Scalenes are a group of three muscles originating from the sides of the neck vertebra running down and forward attaching to the first and second ribs.  Front and middle scalene attach to the first rib and the back scalene attaches to the second rib.  The function of these muscles is to help elevate the rib cage during a deep inhalation. The front and the middle scalene along with the first rib create a triangle of space between them. This space allows all the nerves that travel down the arm to pass through. If these scalene muscles are tight they cause compression passing though the triangular space.  Usually this nerve compression will affect only one major nerve such as in Anterior Scalene Syndrome. In severe cases it can affect multiple nerves causing many symptoms in the arm down to the hand such as in Costoclavicular Syndrome combined with Anterior Scalene Syndrome..

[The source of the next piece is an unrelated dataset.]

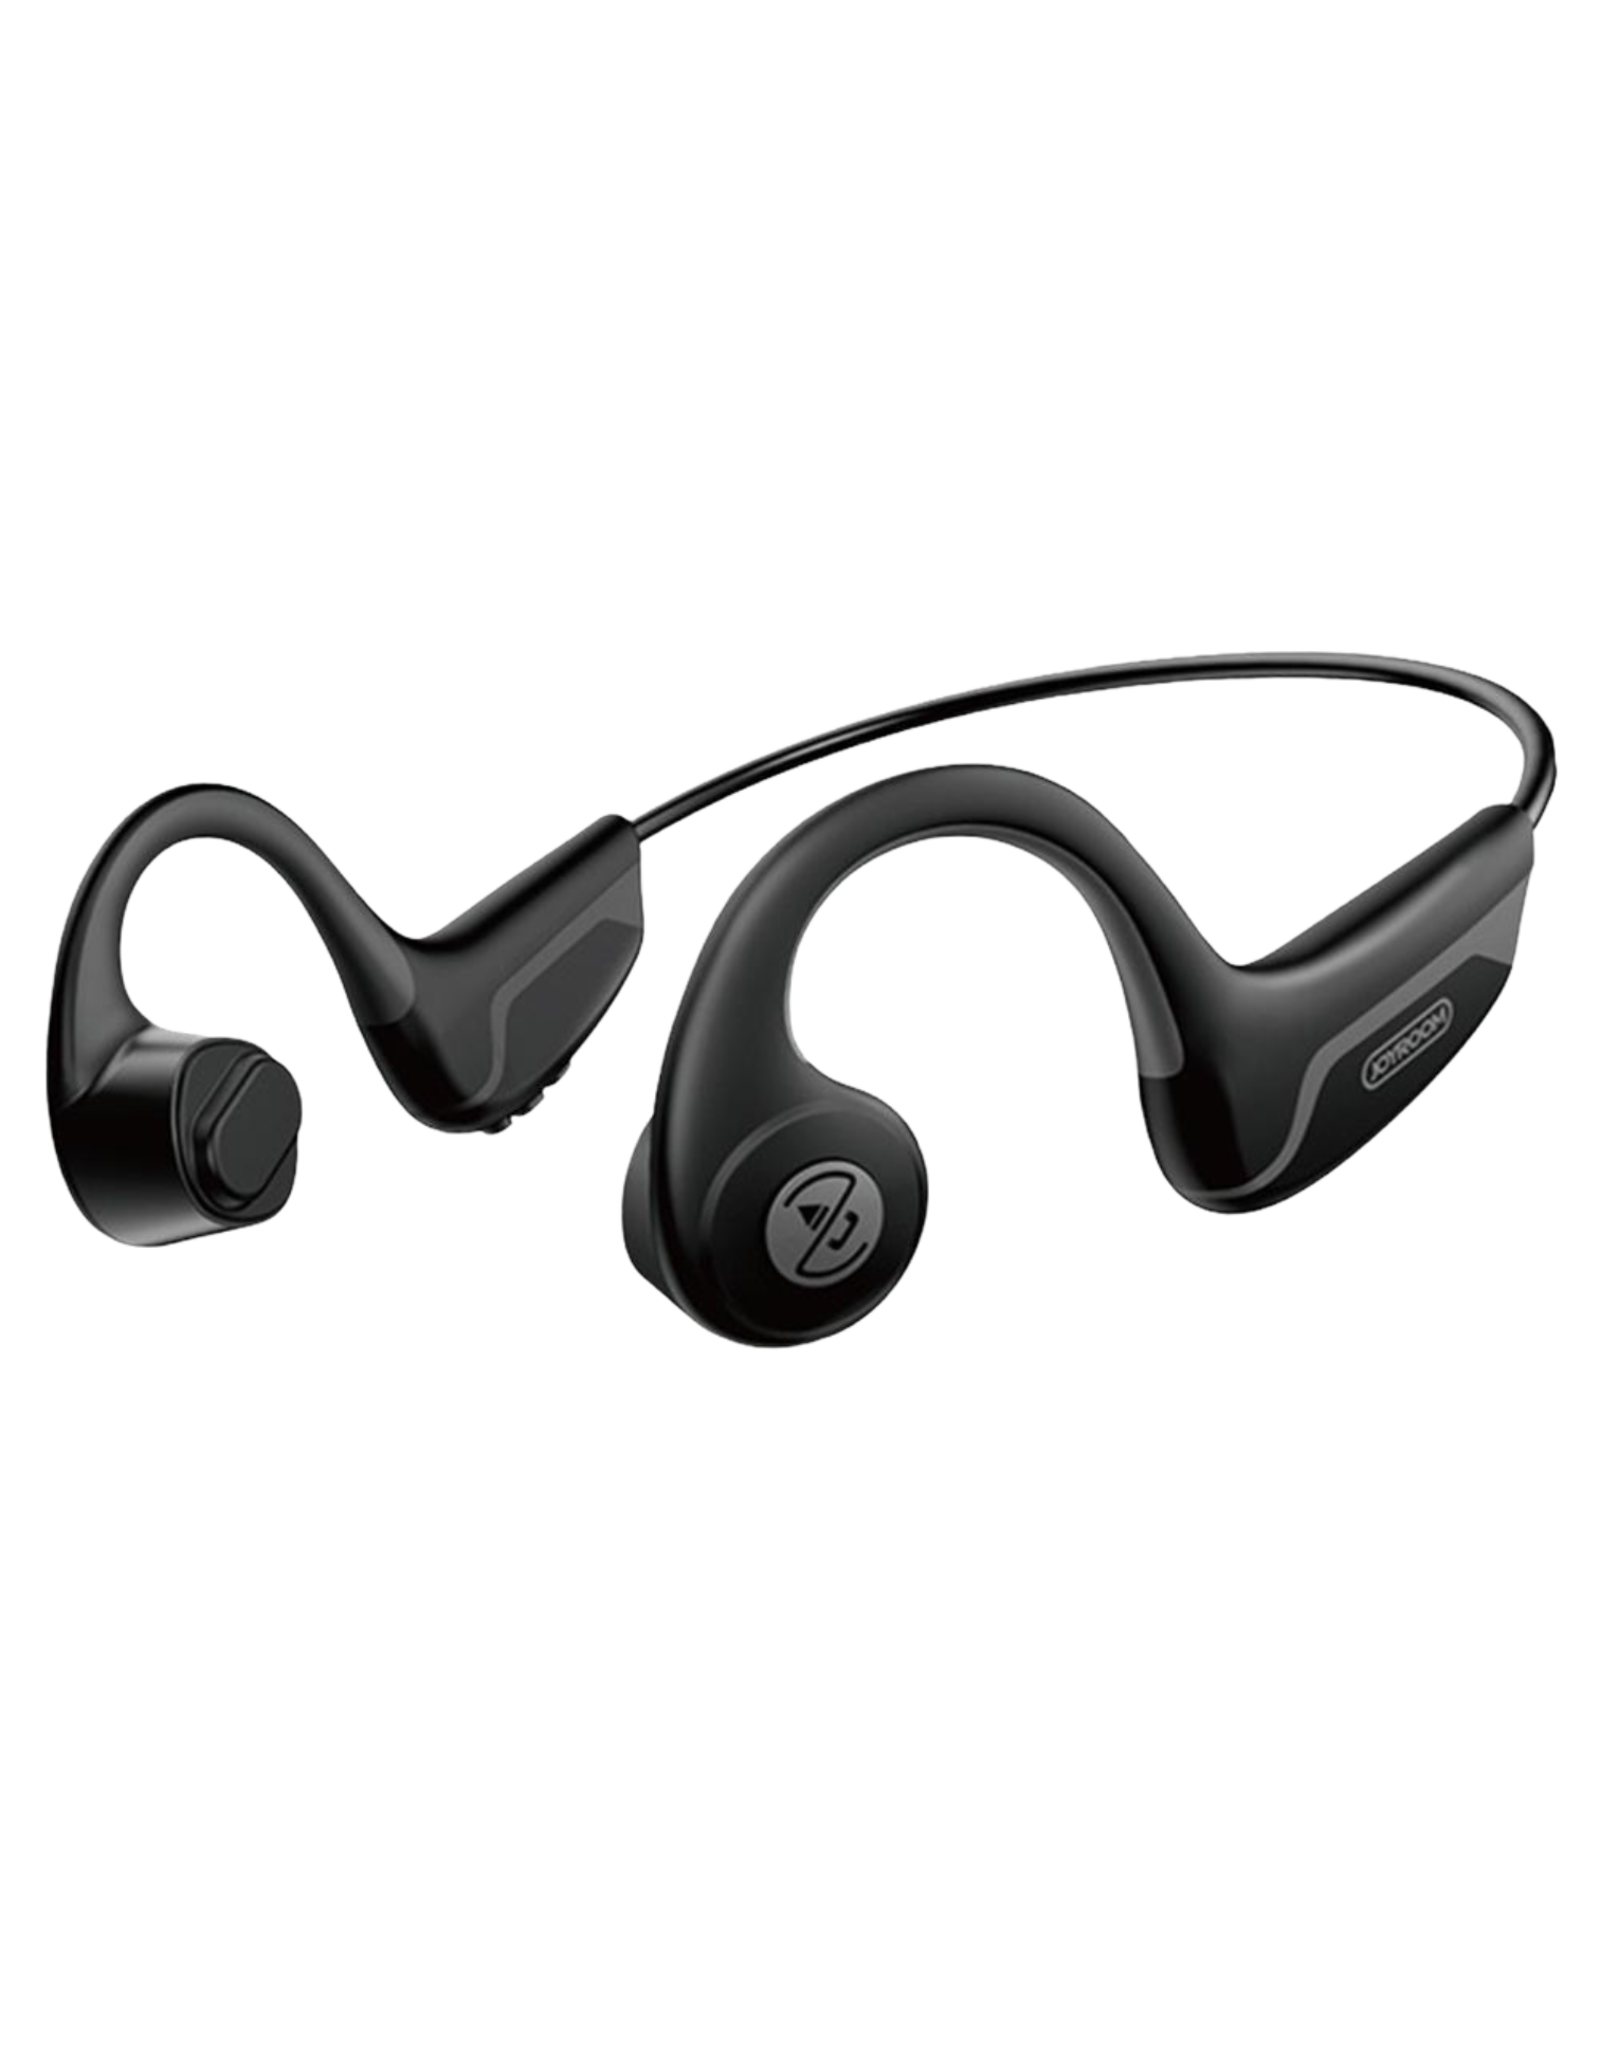 Joyroom JOYROOM JR-G1 36g Bluetooth 5.0 Earphones Bone Conduction

What are the symptoms of Scalene Syndrome

Because this compression can affect any nerve of the upper extremity it can create many symptoms.  The symptoms can resemble nerve impingements from a herniated disc in the neck to carpal tunnel.  Scalene Myofascial Pain Syndrome can also affect muscles in the upper extremity mimicking many common muscular conditions such as rotator cuff injuries and tennis elbow.  Diagnoss is every difficult because it mimics many other conditions affecting the upper extremity and we really do not have reliable orthopedic tests to confirm a diagnosis.

Common symptoms include:

  • Numbness in the arm and hand affecting any and possibly all the fingers
  • Pain radiating down the arm
  • Pain in the shoulder and middle back
  • Pain on the side of the neck
  • Neck stiffness
  • Weakness in the arm and hand

How is Scalene Syndrome treated?

We successfully treat Scalene Syndrome with Chiropractic Care and Massage Therapy in our office.  A goal of the treatments is to relax the scalene muscles and correct the postural imbalance that led to the tightness. The cause of Scalene Syndrome is related to having an Anterior Head Carriage posture.  For correction we teach home care stretching and workplace modifications to correct the cause on anterior head carriage.  I also see cases related to motor vehicle whiplash type injuries and on rare occurrences we will find chronic respiratory issues as the cause.  Scalene muscles work hard when someone is having difficulty breathing such as in chronic asthma or COPD.  In cases related to respiratory overwork we have the patient consult a primary care physician to assess and manage the condition as we continue with Chiropractic Care and Massage Therapy.